From a human-centered perspective, socio-technical alignment remains an important issue. Operators may resist working alongside HRs due to concerns about trust, safety, or job displacement. Ensuring transparent and intuitive interaction, as well as developing ergonomic collaboration models, are essential for acceptance and long-term integration [
5].
In addition to technical challenges, the societal and legal implications of integrating humanoid robots remain underdeveloped. Industrial settings currently lack clear frameworks for assigning liability in cases of robot-induced errors or accidents, particularly in semi-autonomous collaborative operations. Data privacy is another concern, as continuous sensor-based monitoring raises questions about informed consent and data governance for human operators. From a psychological standpoint, working with humanoid robots may lead to increased stress, reduced sense of agency, or social displacement, especially if robots resemble human co-workers too closely. These factors underscore the need for human-centric design principles to be supplemented by regulatory, institutional, and cognitive safeguards to foster long-term trust and acceptance.
Finally, cost and scalability continue to limit deployment. HRs remain significantly more expensive than traditional industrial robots due to their complex kinematics, sensing systems, and control architectures. This limits adoption to pilot projects or high-value manufacturing contexts, leaving mass-market applications out of reach.
  4.2. Outlooks
Despite these challenges, the outlook for humanoid robots in smart manufacturing is promising. Advances in foundation models, AI, and multi-modal interfaces rapidly improve robots’ ability to perceive, understand, and act in complex environments. These technologies will soon enable HRs to perform more diverse and cognitively demanding tasks with minimal human supervision.
In parallel, the development of modular hardware architectures and soft robotics is expanding the capabilities of humanoid platforms in terms of dexterity, safety, and energy efficiency.

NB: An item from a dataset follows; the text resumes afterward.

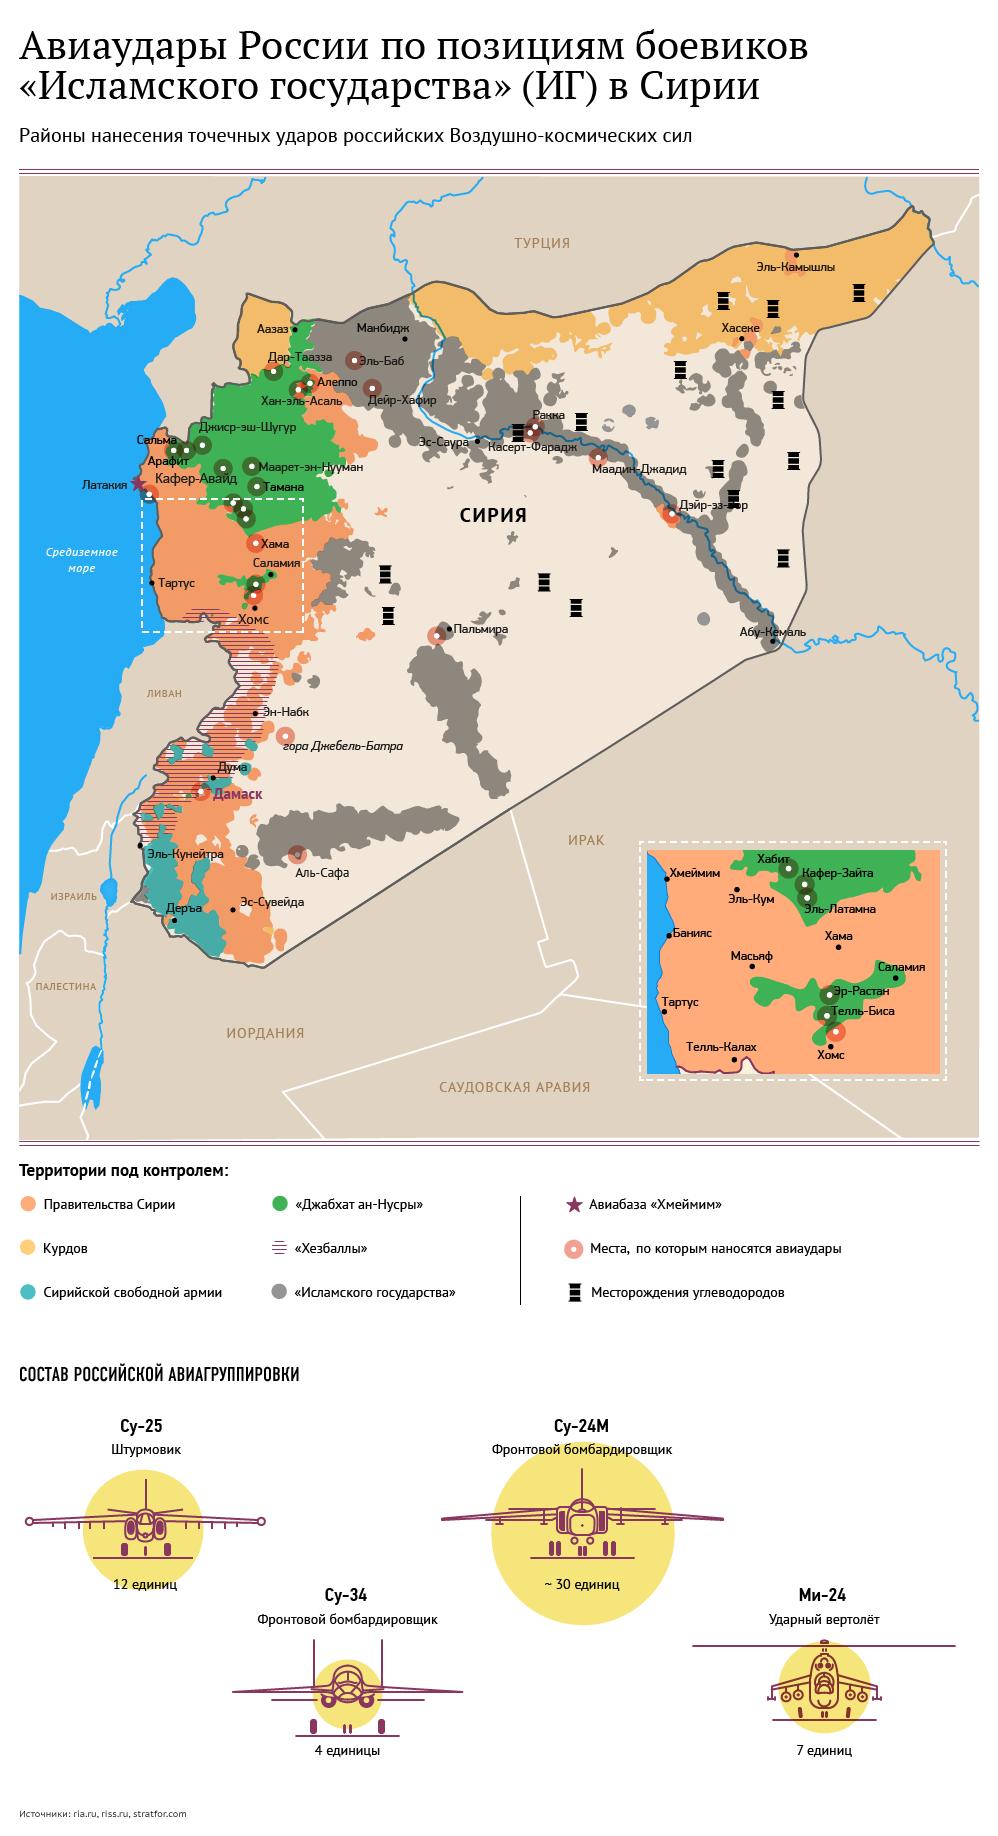 Авиаудары России по Исламскому государству в Сирии
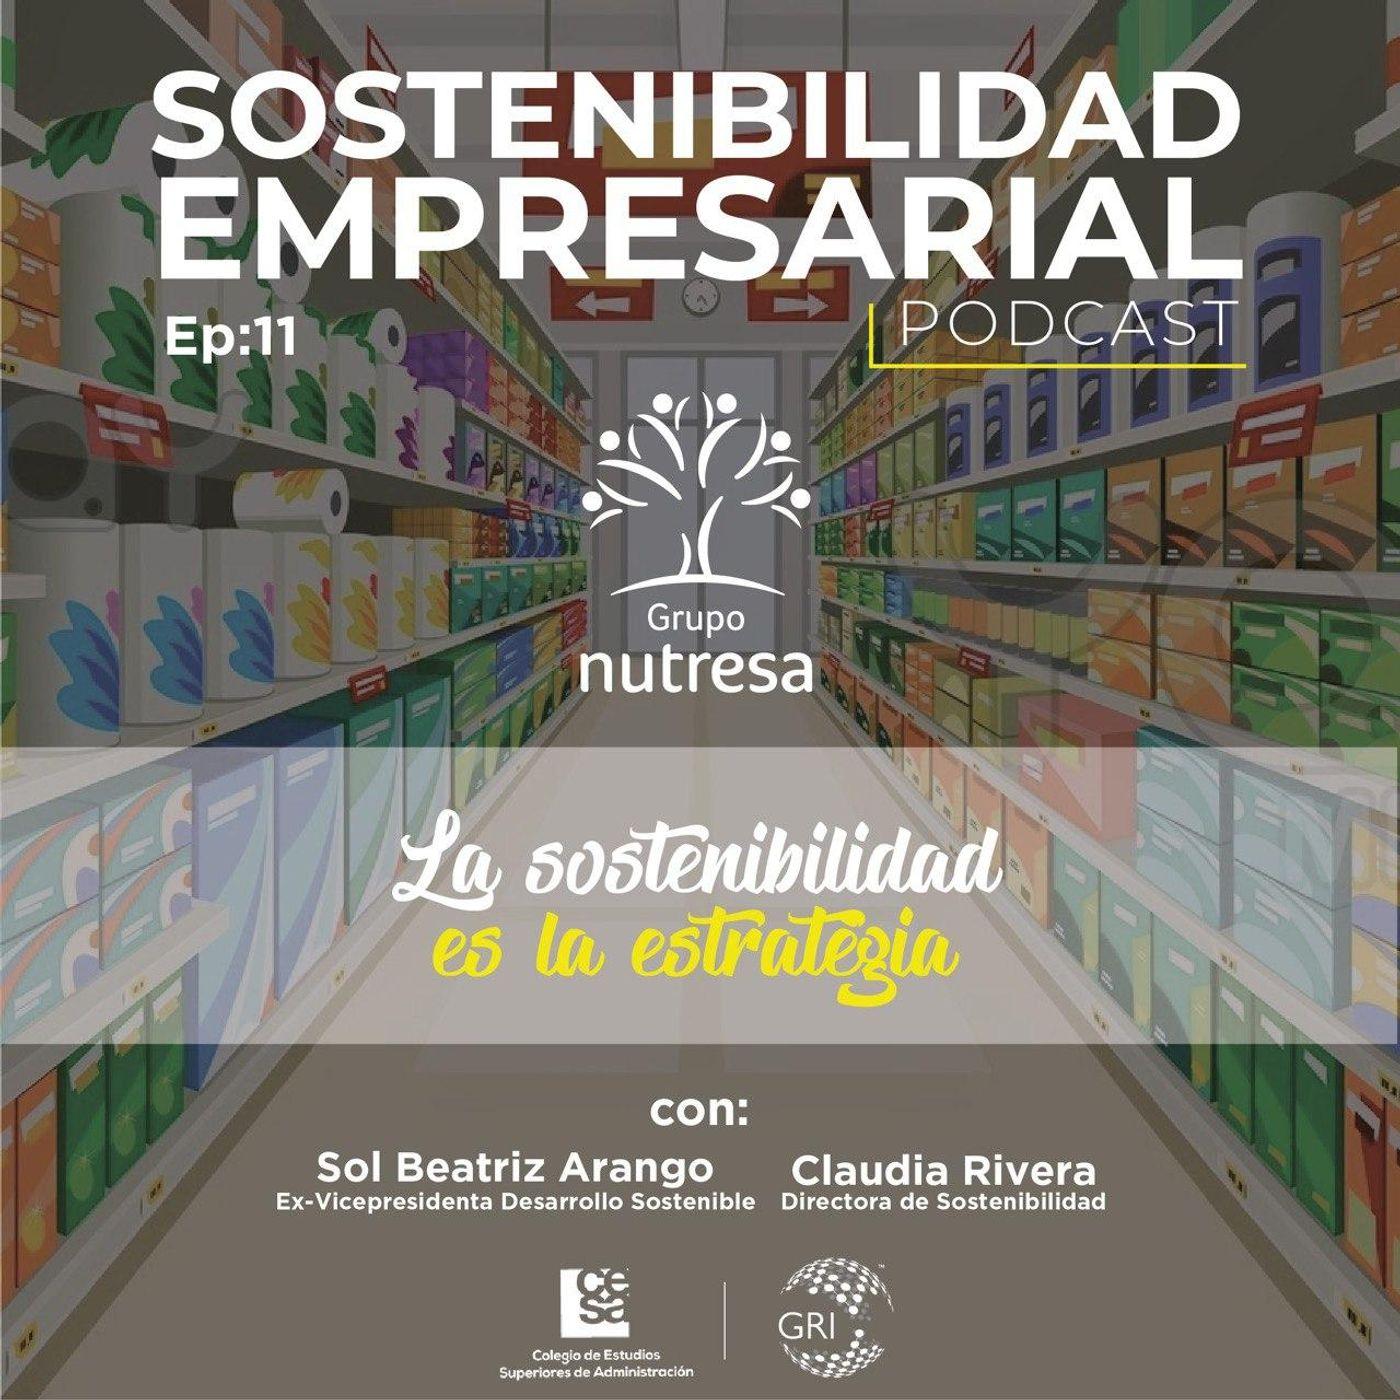 EP 11: La Sostenibilidad es la estrategia - Caso Nutresa

These improvements will enable robots to handle delicate assembly tasks, adapt to diverse tools, and interact safely with humans in shared spaces. The growing maturity of digital twin technologies will further support predictive maintenance, behavior simulation, and collaborative decision-making between humans and HRs. Digital twins will serve as real-time cognitive companions for HRs, allowing them to test behaviors virtually before executing them physically, which improves both safety and adaptability. In addition, standardization efforts are expected to accelerate, enabling better interoperability between humanoid robots, industrial systems, and cloud-based manufacturing platforms. Open-source frameworks and cross-platform middleware will facilitate smoother integration and foster a more competitive ecosystem.